Маргарет Этвуд - Беззумный Аддам
— Как они это сделали? Эти двое? Подсыпали ей мышьяку в чай? Или…
Не голову же они ей отрубили, подумал он, стыдясь сам себя. Это даже для них было бы слишком.
— Не знаю. Мне было всего четыре года. Я только видел, как они ее зарывали.
— Значит, все эти истории про шлюху-наркоманку, бросившую своего ребеночка и так далее…
— Это то, чему хотели верить прихожане, — сказал Адам. — И верили. Сказки про плохую мать обречены на успех.
— Может, нам позвонить в ККБ? Сказать, чтобы пришли с лопатами.

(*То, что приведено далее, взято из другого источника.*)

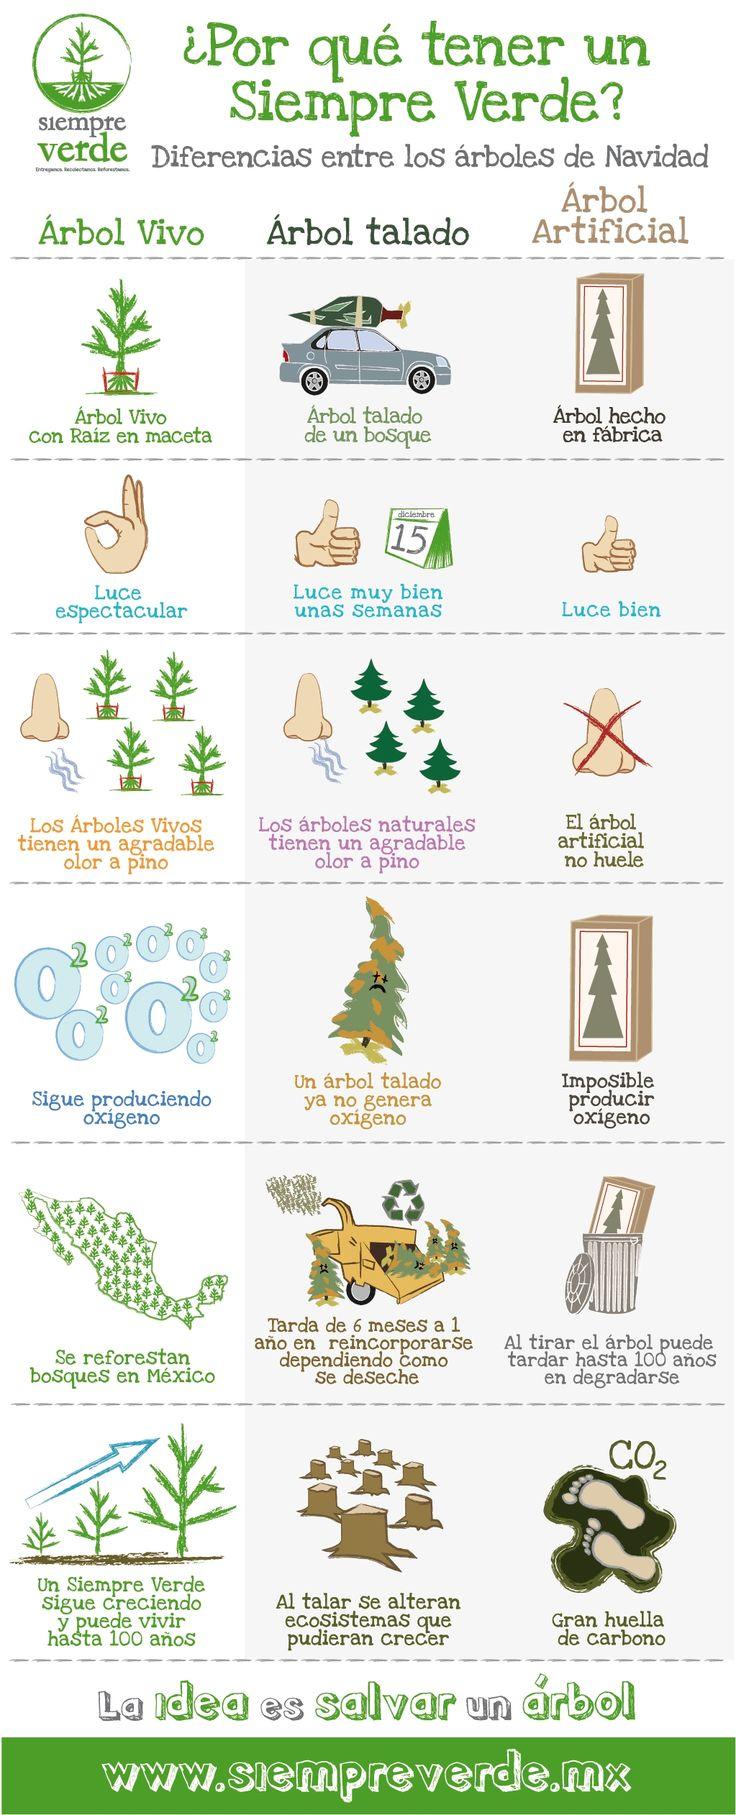 Diferencias entre un árbol de Navidad Vivo, uno talado y uno artificial

— Я бы не стал рисковать. Среди них много петробаптистов, а в совете директоров Церкви — шишек из Нефтекорпа. Вообще все эти организации сильно перекрываются, у них много общих интересов. Они все согласны, что протест нужно давить. Поэтому если преподобный совершил простое убийство жены, которое само по себе не угрожает устоям Нефтекорпа, Нефтекорп его покроет. Если поднимется скандал, это будет сильный удар по их репутации. Они это знают. Нас с тобой диагностируют как ментально нестабильных. Запрут и будут лечить сильнодействующими препаратами. Или, как я уже сказал, выроют еще пару ям под альпийской горкой.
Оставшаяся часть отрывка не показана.